Raw data -
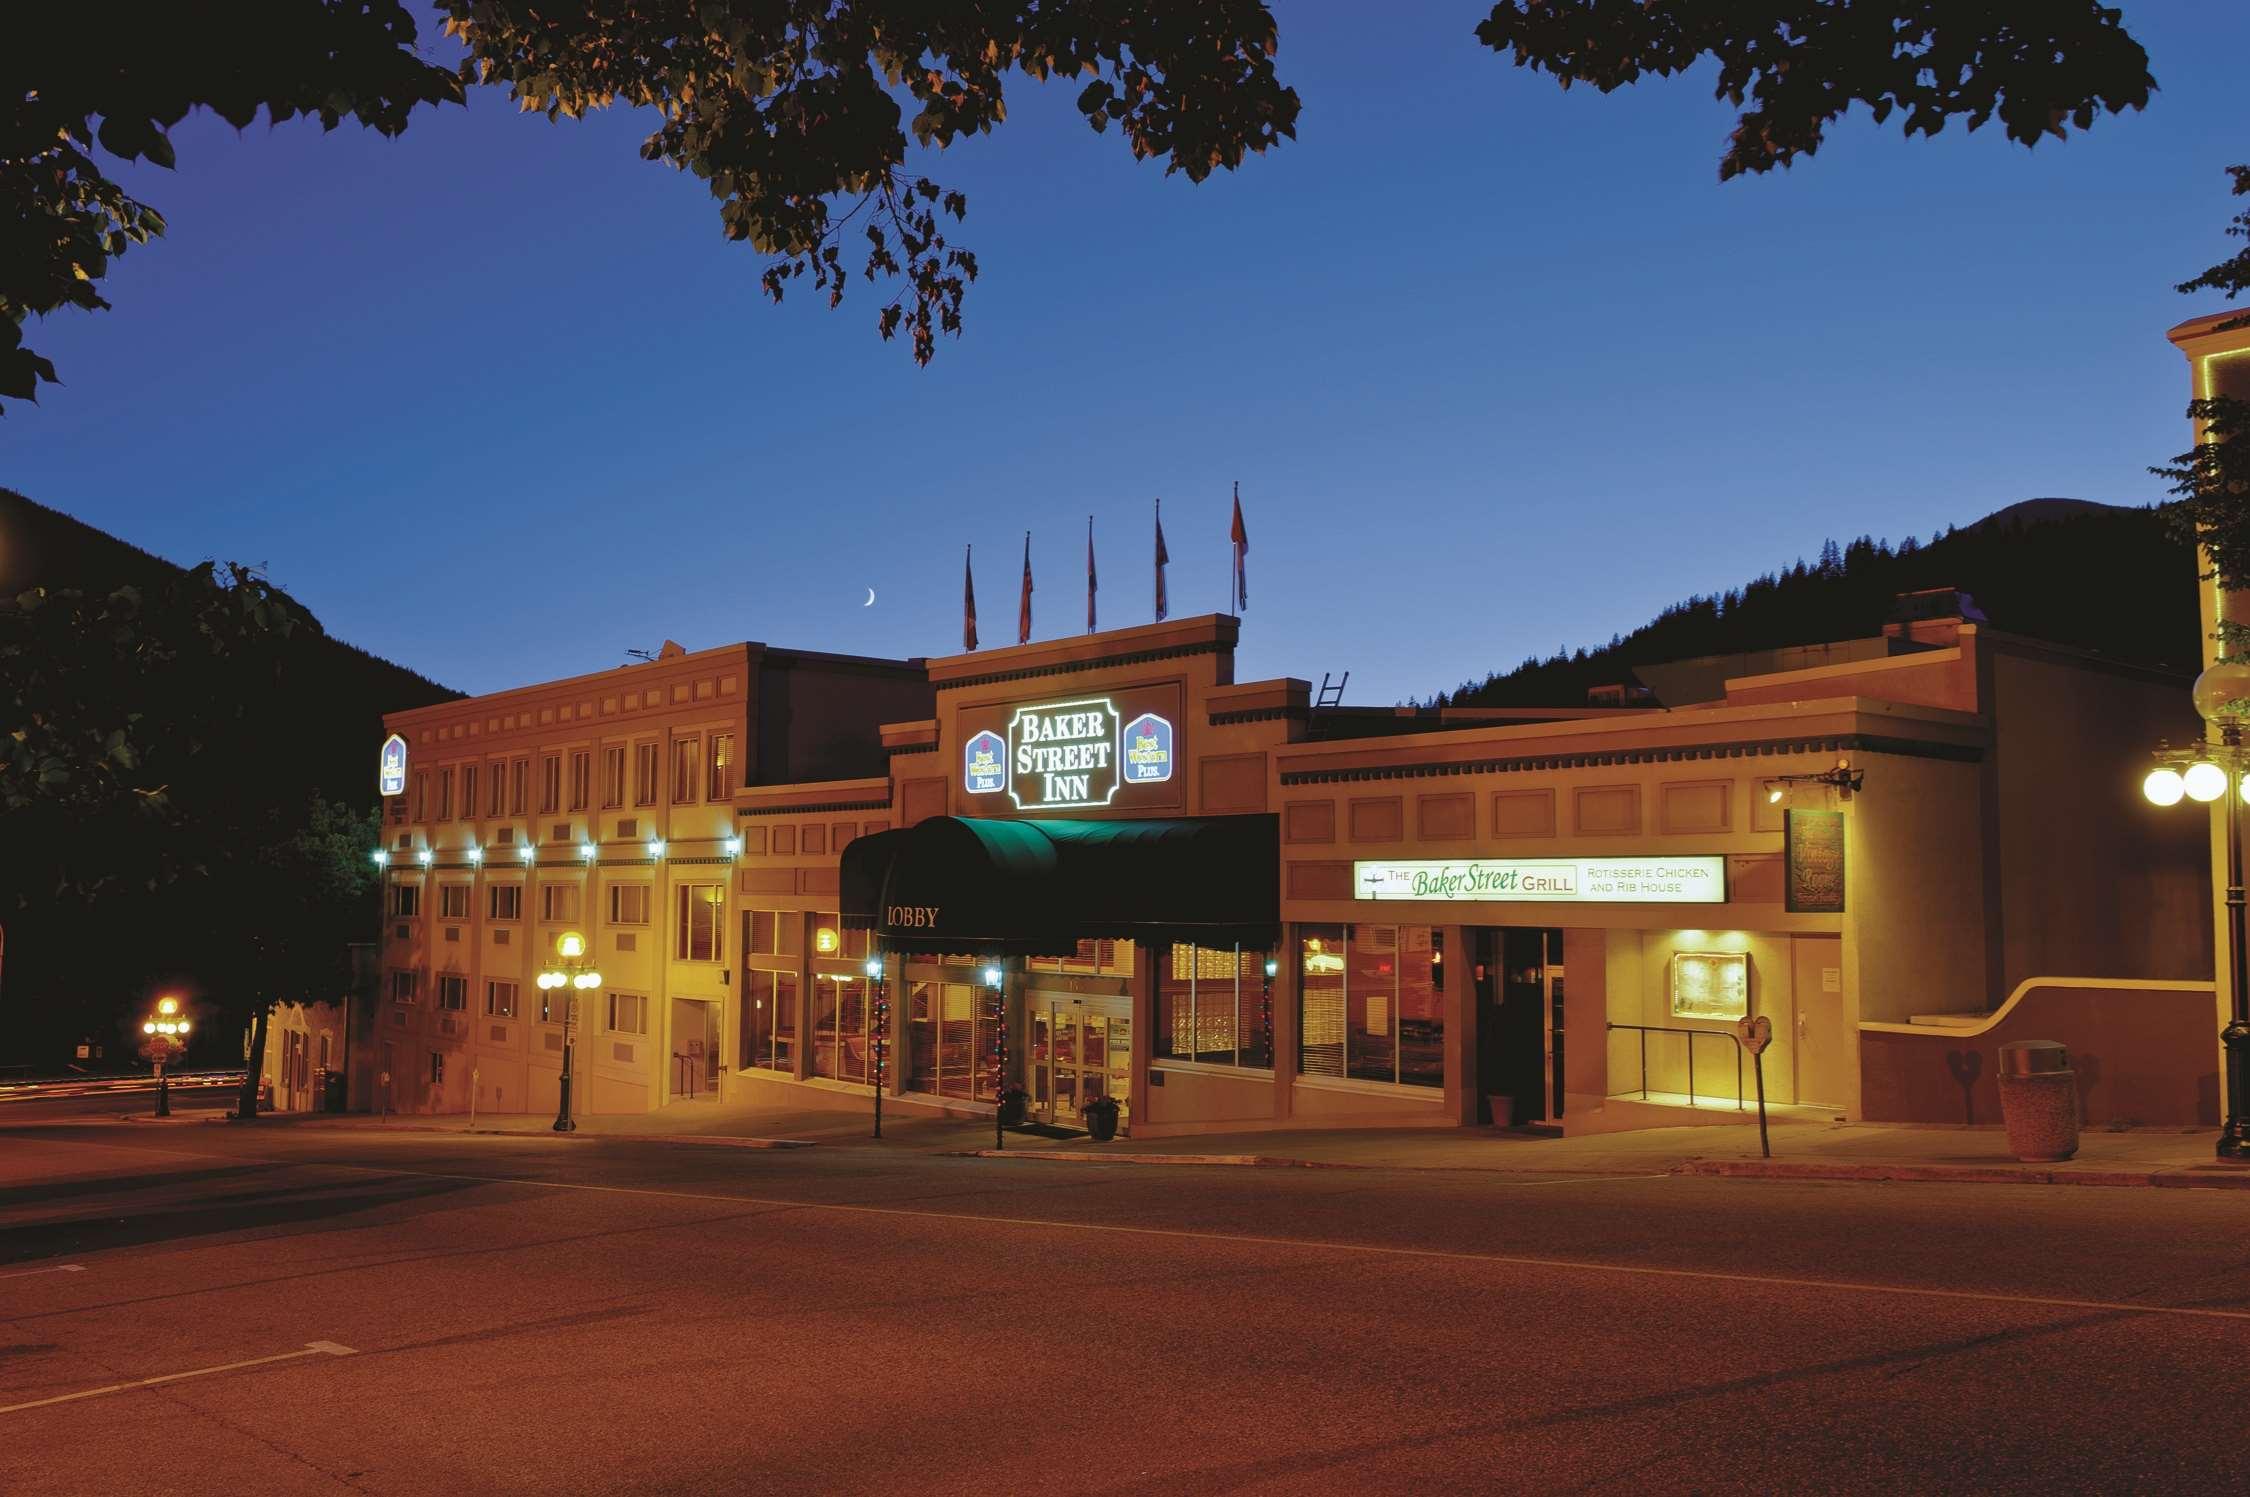 Best Western Plus Baker Street Inn & Convention Centre in Nelson: Moonlit Baker Street
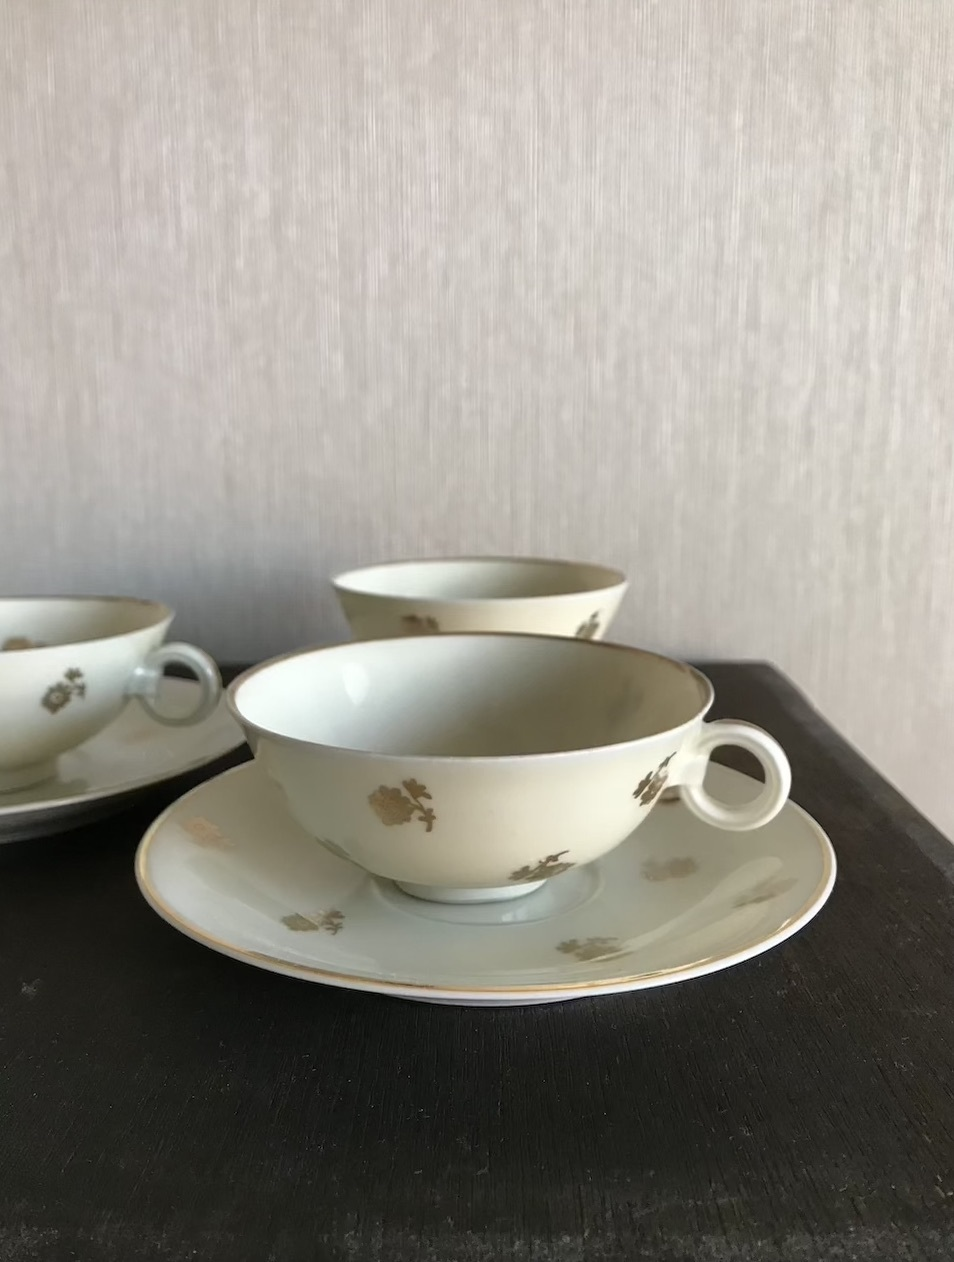 Paris 1940年代 リモージュ焼きのテーカップ&ソーサー
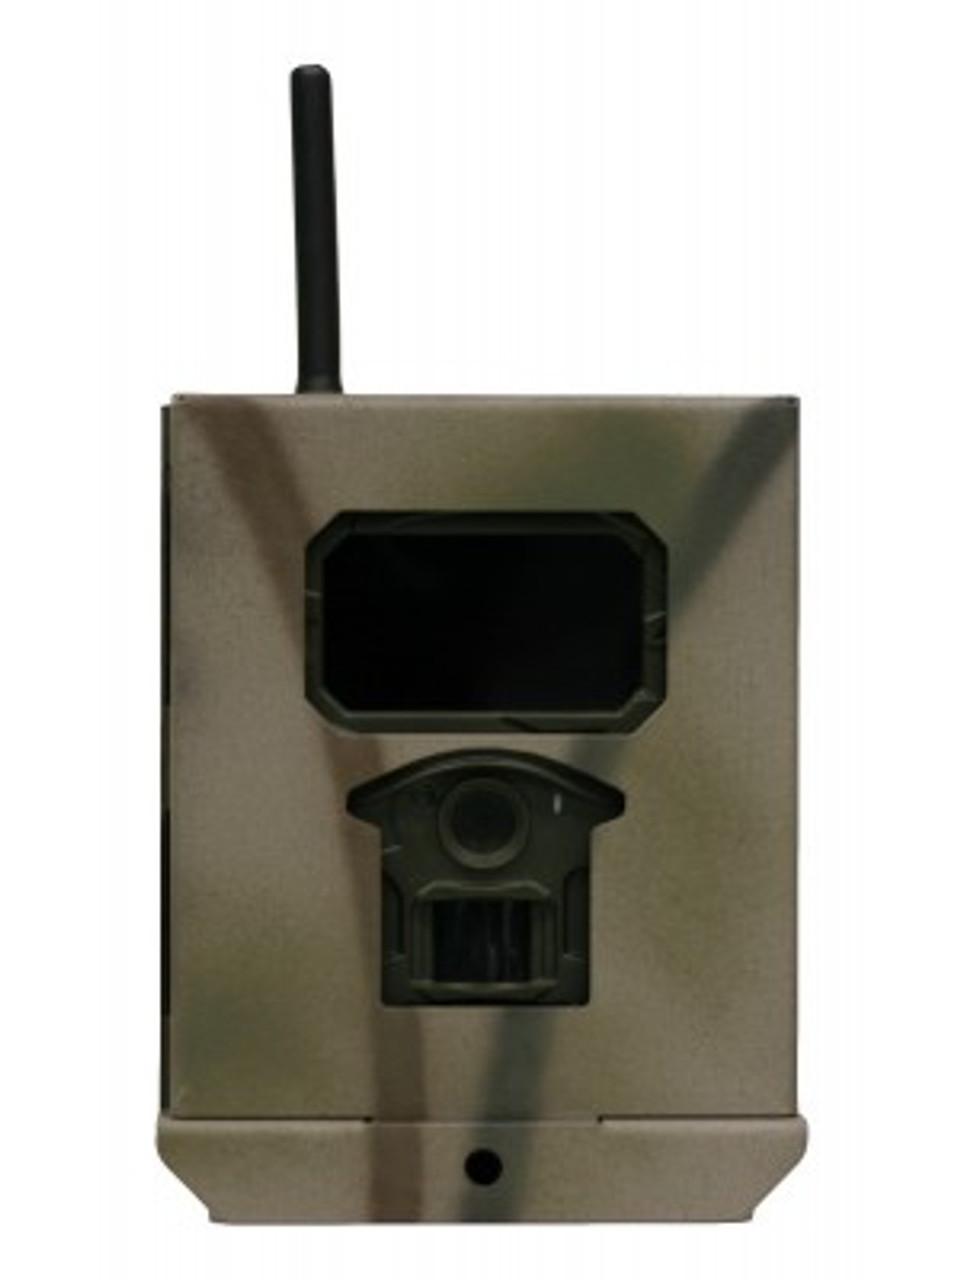 HCO GoCam Camera Security Box

Action item -
Write out every line of the listing exactly as written, and leave the pictures out.

Answer box -
 Best Western Plus Baker Street Inn & Convention Centre in Nelson: Moonlit Baker Street
 Paris 1940年代 リモージュ焼きのテーカップ&ソーサー
 HCO GoCam Camera Security Box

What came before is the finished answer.